Proposal for allowing URIs in CURIE-only attributes

Hello all,

On yesterday's telecon we discussed one way we might tackle the
problem that a number of people have raised about putting URIs into
@rel and @rev.

I think we should say from the outset that in many ways there is no
problem to solve; I believe Toby, Shane and Manu have pointed out a
number of reasons why confusion about the data generated, should not
arise.

However, we discussed on the call that rather than coming at the issue
from the standpoint of 'there's nothing to fix, so let's do nothing',
we should instead look at it from the point of view of an additional
feature.


FALSE POSITIVE CURIES

The scenarios that seems to be causing concern is that when a URI
begins with the same string as a prefix mapping, it creates a 'false
positive' CURIE.

Using Julian's example:

  <a xmlns:urn="http://purl.org/dc/terms/"
   rel="urn:rights urn:uuid:1225c695-cfb8-4ebb-aaaa-80da344efa6a"
   href="http://example.com/terms_of_service.html">
  >Terms of service</a>

This would generate two triples:

  <> <http://purl.org/dc/terms/rights>
    <http://example.com/terms_of_service.html> .

  <> <http://purl.org/dc/terms/uuid:1225c695-cfb8-4ebb-aaaa-80da344efa6a>
    <http://example.com/terms_of_service.html> .

The problem with this example is that it is relying on a situation
that won't arise to make its point; as RDFa stands at the moment, why
would anyone place a URI into the @rel or @rev attribute? Nothing in
the spec gives the impression that URIs are valid in @rel, and no
other host languages seem to indicate this either.

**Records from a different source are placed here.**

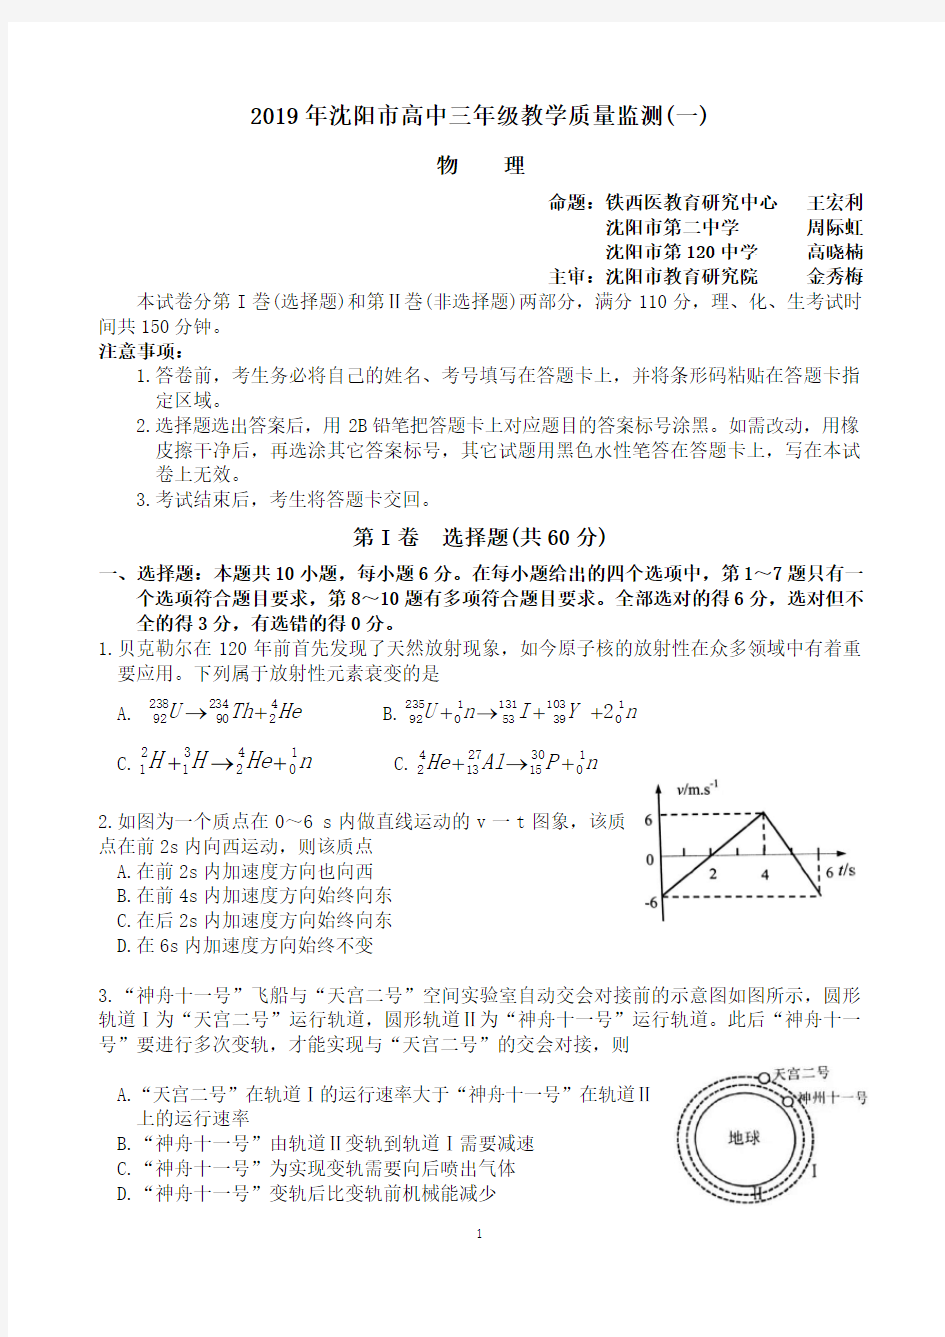 2019年沈阳市高中三年级教学质量监测物理试卷及答案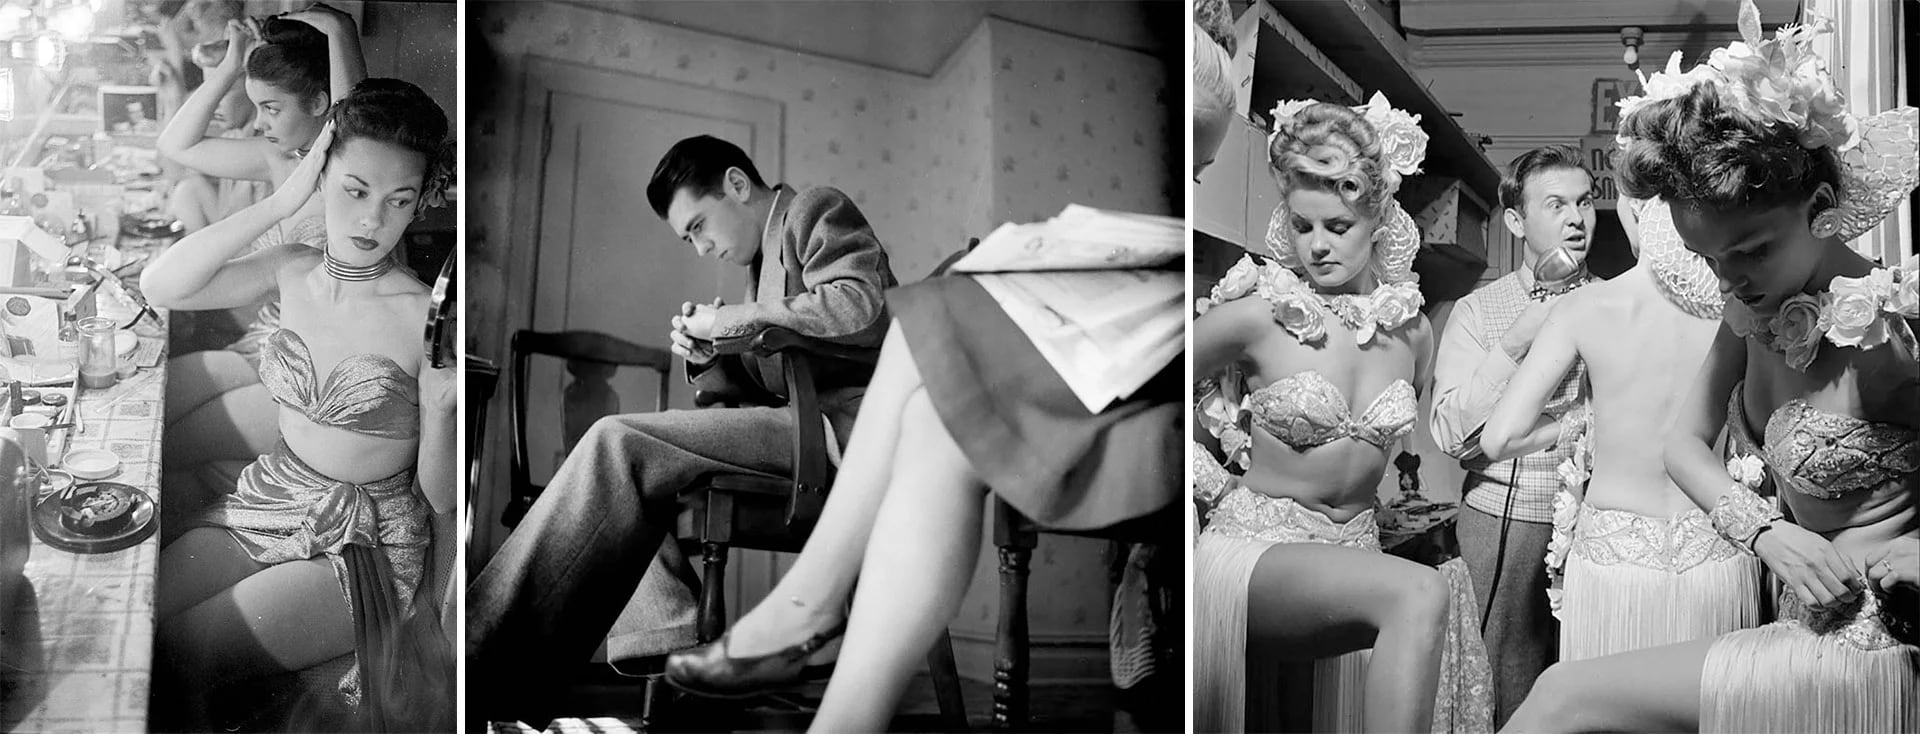 “Chicas del Copacabana” (1948), Esperando al dentista (1947) y Johnny Grant (1946)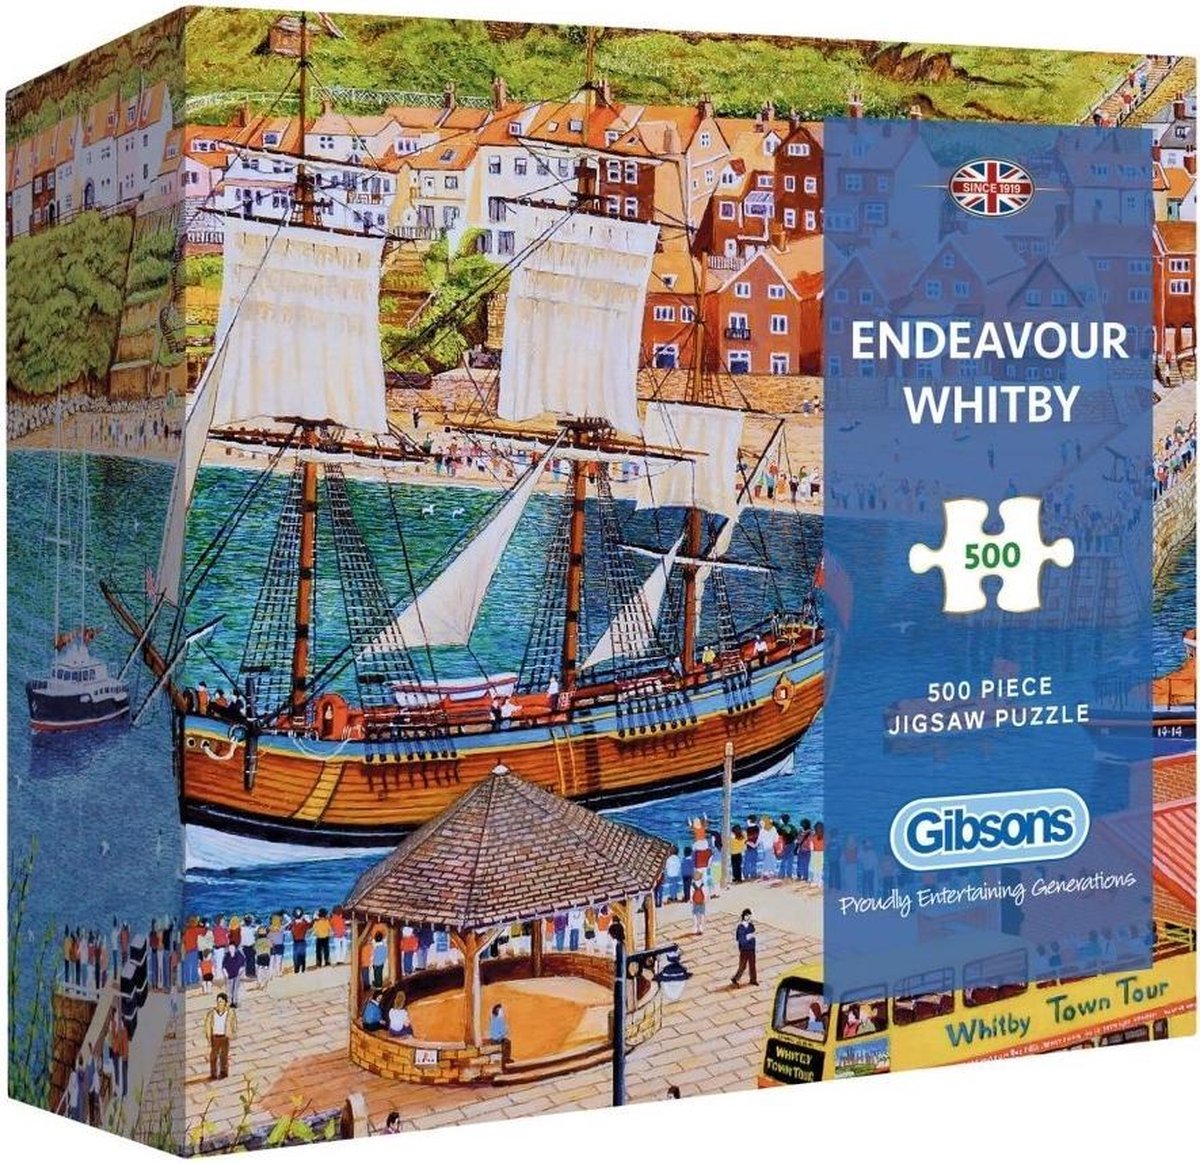 Endeavour Whitby - Gift Box Puzzel (500 stukjes)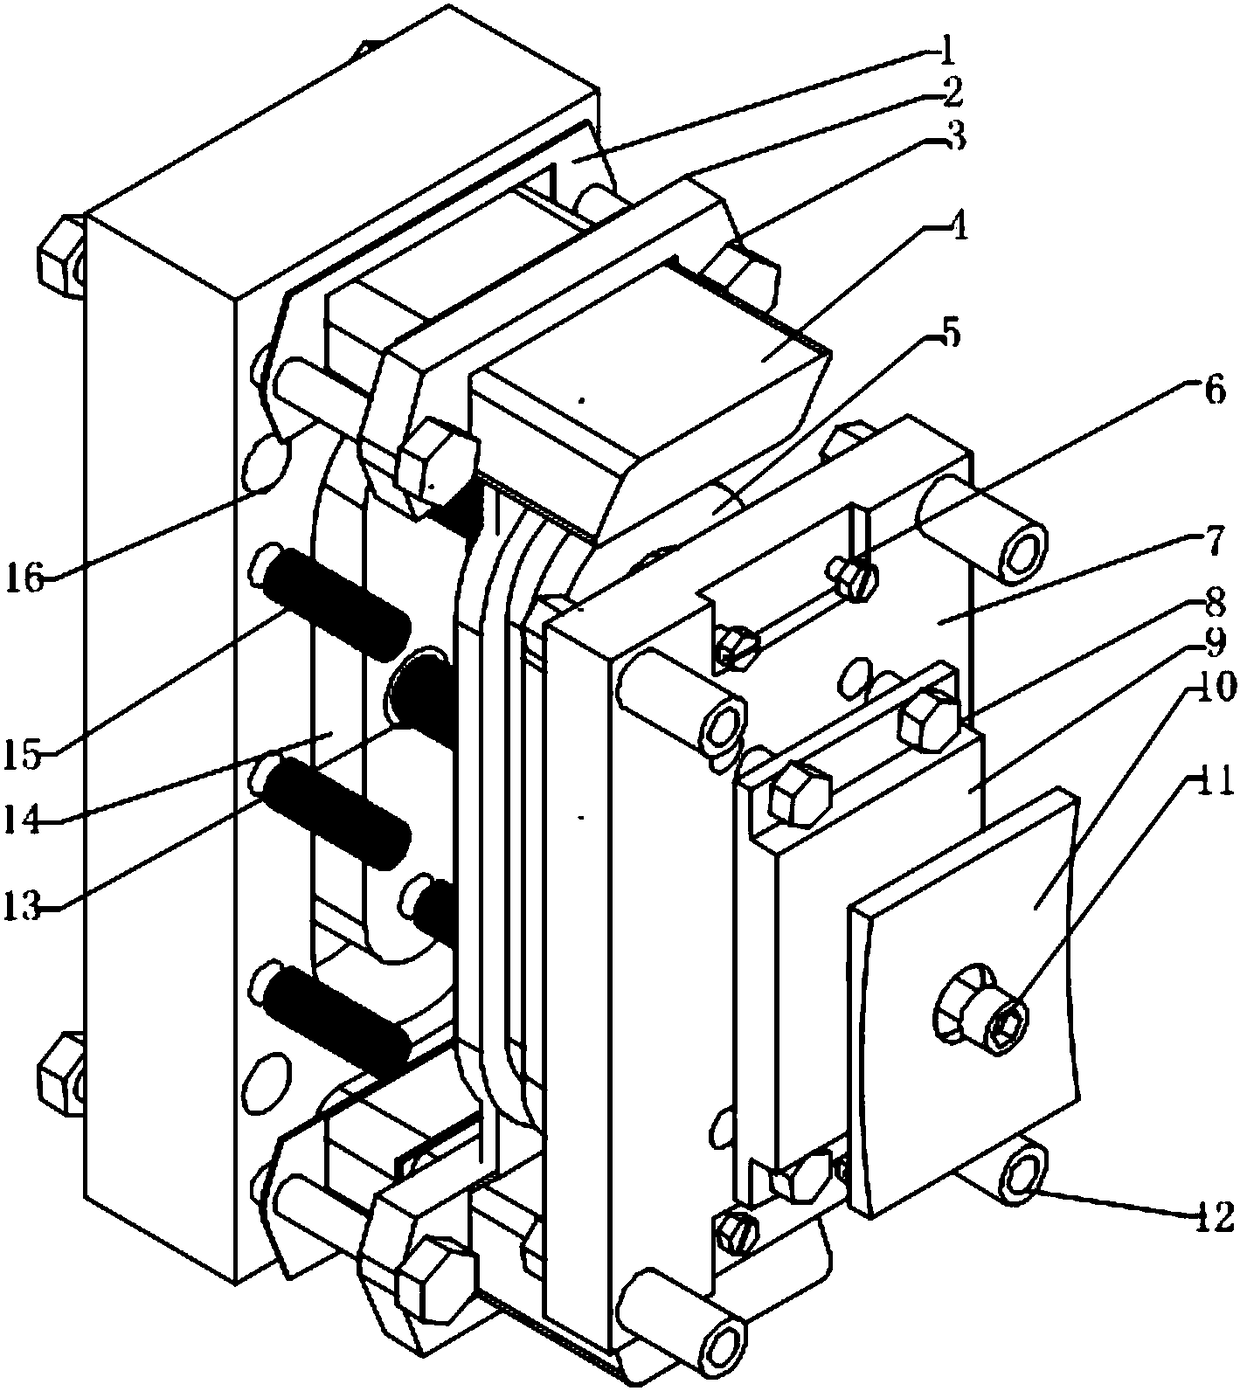 Elevator brake adopting dual-braking system and braking method of elevator brake

So all that's happening here is that an extra, probably redundant,
triple is being created, but there is no _loss_ of information.


ALLOWING URIs IN @REL, @REV, @TYPEOF, @DATATYPE ETC.

But it does raise the question of why we don't support URIs in @rel,
@rev, and other attributes.

Let's look at the current state of affairs.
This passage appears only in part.